= DATA SEGMENT =
┌────────

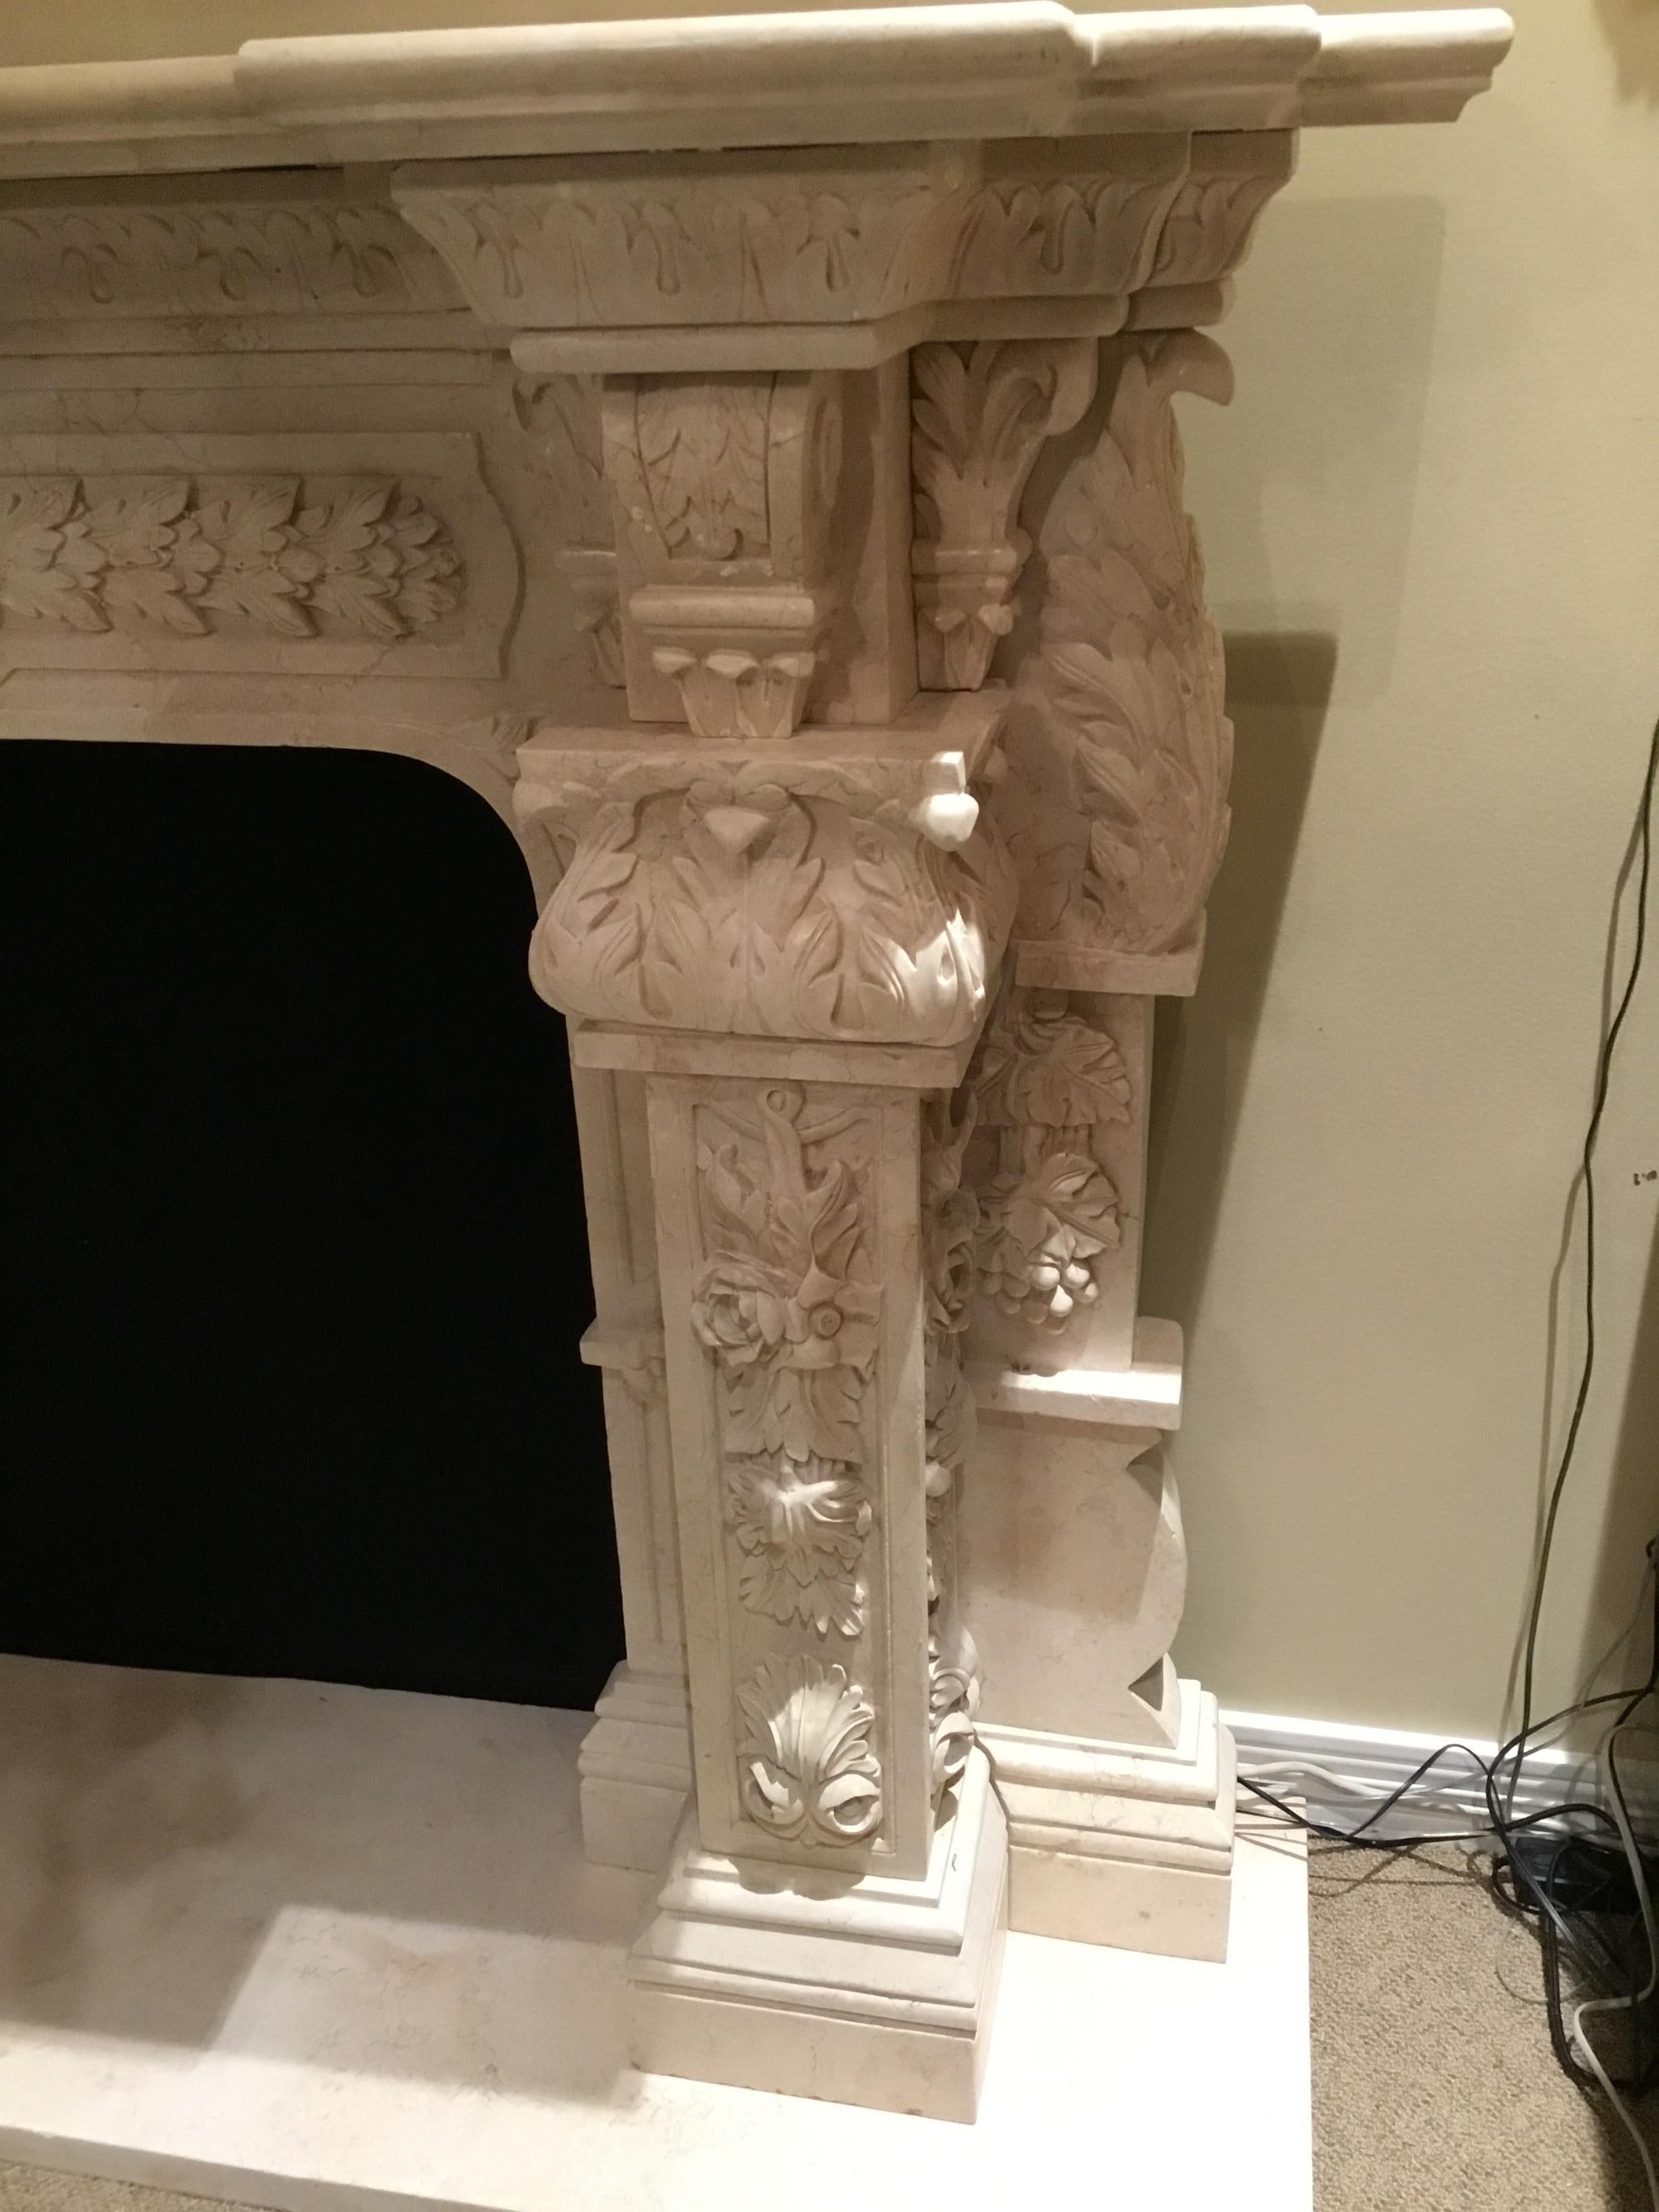 Exceptional carved mantel in cream colored hue. Deep and intricate detail with floral and foliate
Designs. The inside measurements are 34” W by 38” H. This mantel is in the gallery to view and
Ready to ship to your construction site.
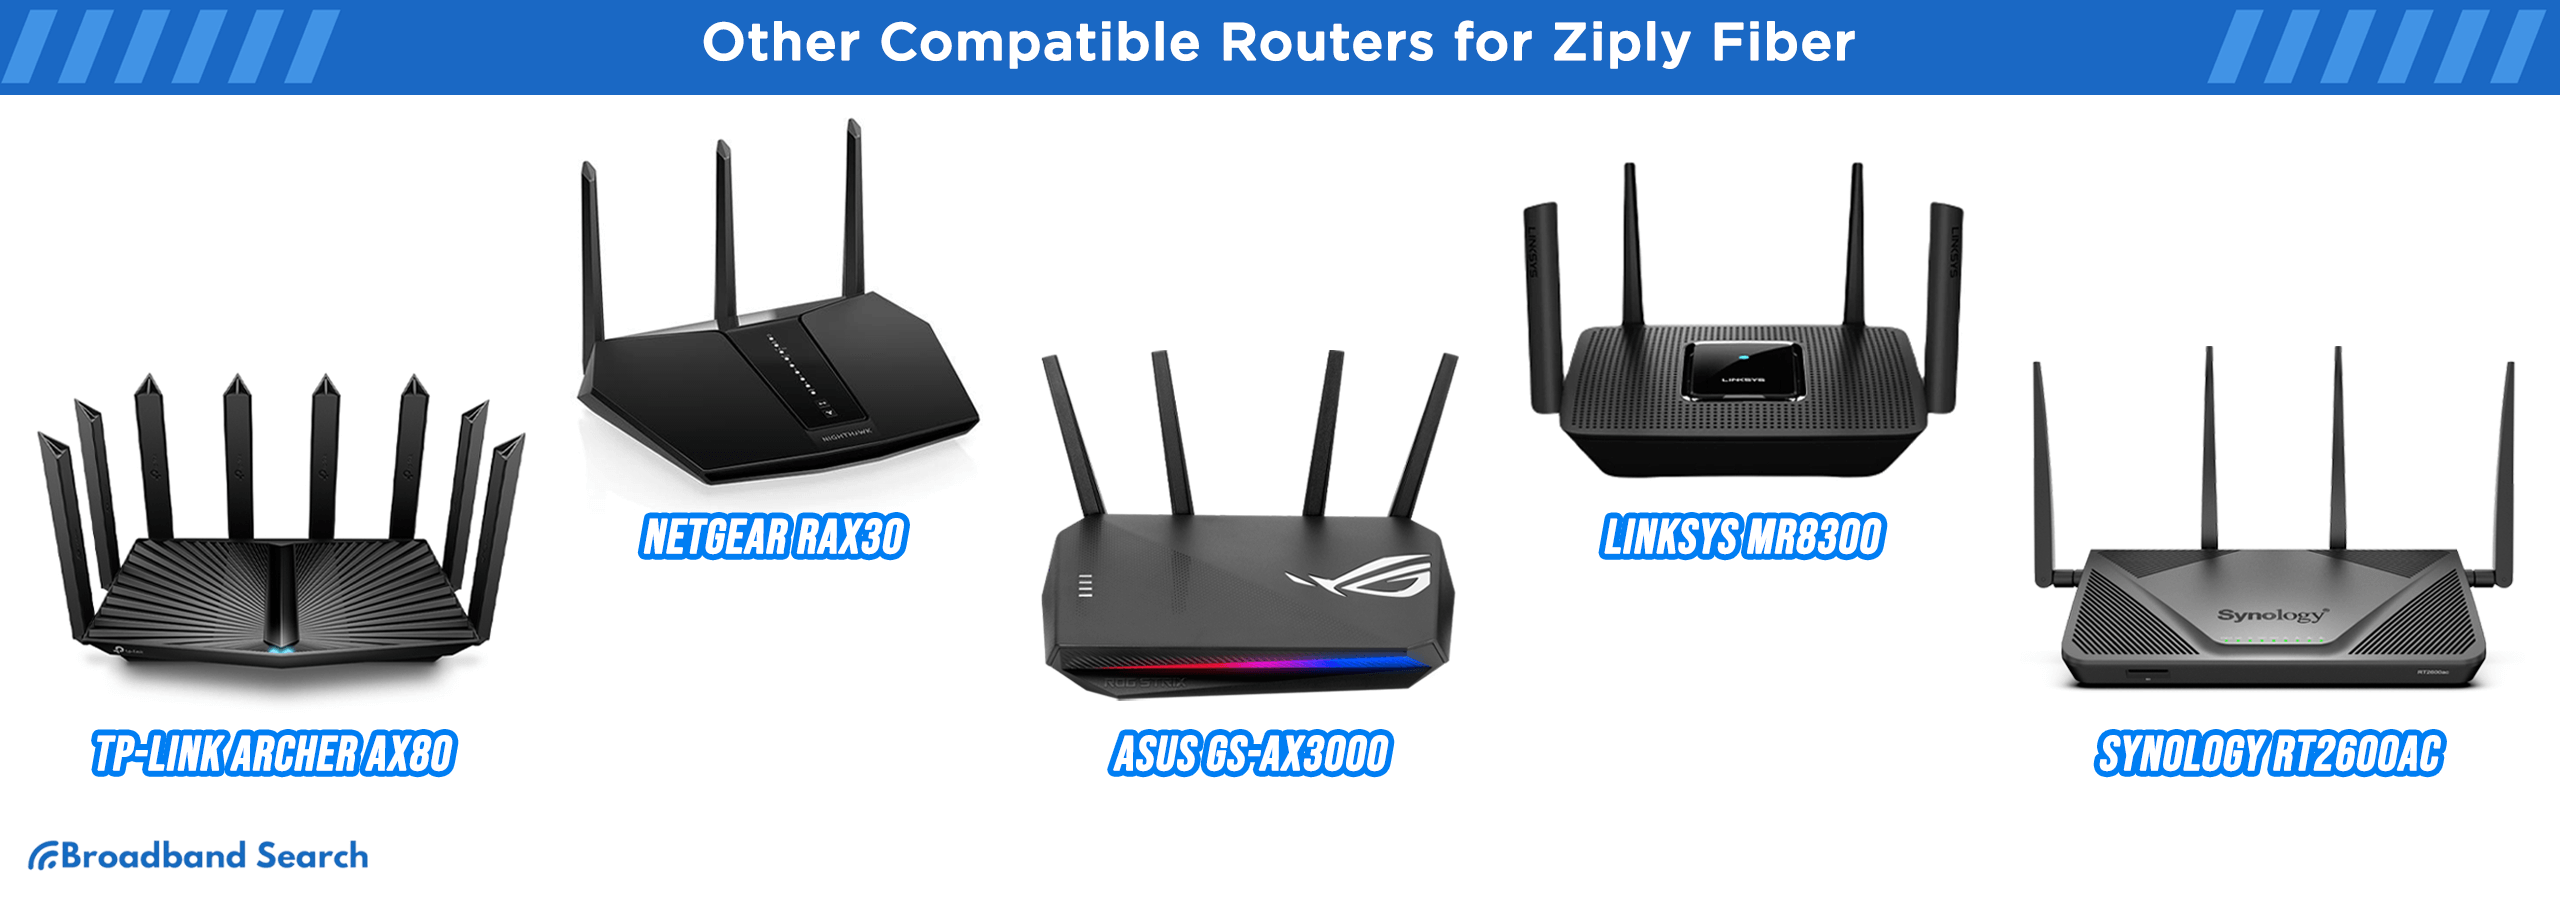 Other Compatible routers for ziply fiber

└────────

= BRIEF =
Return an exact copy of the data above, apart from any pictures.

= PROBLEM SOLUTION =
 Exceptional carved mantel in cream colored hue. Deep and intricate detail with floral and foliate
Designs. The inside measurements are 34” W by 38” H. This mantel is in the gallery to view and
Ready to ship to your construction site.
 Other Compatible routers for ziply fiber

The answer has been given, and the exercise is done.